# Bersa Thunder 9mm UC



## 44magFMJ

I'm considering getting a Thunder 9mm UC SS (or black) and am undecided over that or a Ruger P95. Would like to know from anyone who has the Thunder 9mm how you like it and what, if any, problems you have had with it. Has it shown any peculiar wear spots on the slide or contact parts like the trigger disconnect?


----------



## Thunder 9

My first Bersa was a nickel .380. Had several FTE during the first 200 rounds so I did not trust it for a carry gun. Also ammo was too high so I upgraded to the full size Thunder 9mm. Never had a hiccup in nearly a thousand rounds. It's a great gun. Added a 9mm uc in stainless. So far 600+ rounds and zero problems. IMO the 9mm Bersas are far superior to the .380 and are much more economical to shoot. Normal wear marks where slide meets frame; not a problem.


----------



## Cowboybootnut

I bought the Bersa Thunder 9mm UC for my CCW. I have fired 300 rds in it so far, and I love it. 

I sure would like some other grips for it, does anyone know of commercial grips availability?


----------



## rachilders

The only grips available for the UC-9 are the ones that came with the gun, at least for now.:smt022


----------



## oppie

1200 rounds thru my Firestorm Mini 9. Not a single problem. i love the gun and trust it as much as my 225. 
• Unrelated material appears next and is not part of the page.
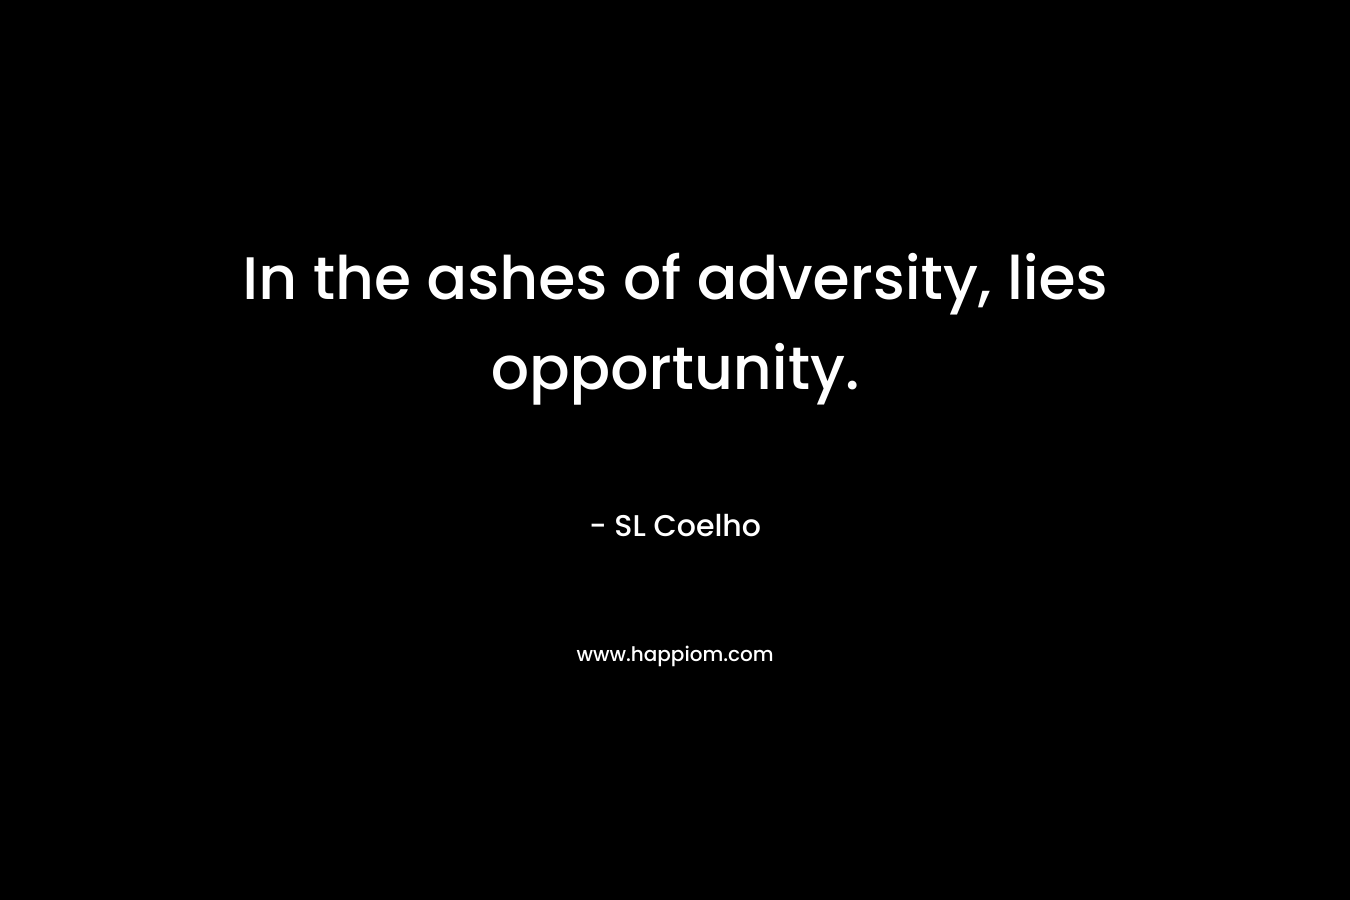 In the ashes of adversity, lies opportunity. – SL Coelho

As for grips, I've seen a UC 9 with a Hogue Handall (or a Pachmyr sleeve) on it. Appeared to fit OK. Not sure of the advantage since the UC and mini have a grip with finger grooves.


----------



## bluehandgun

i have a p95 and love it, however i have heard nothing bad about the 9uc and the 9uc is a lot more concealable than the p95.


----------



## jfrink2

I have a P95DC and it's been great so far. I'm currently looking for a lighter, smaller carry gun though, thus why I was in here reading the Bersa forum to see what everyone is saying about the Bersa .380 and the Thunder 9mm.


----------



## bluehandgun

well i picked up a bersa thunder 380 last week and have 100 rounds thru it (magtech fmj and remington umc fmj) with no issues. so far so good. i plan on running another 100 or so rounds thru it this week. if all goes well it will be my carry gun. i also like the 9 uc, but the 380 is smaller so i went with it.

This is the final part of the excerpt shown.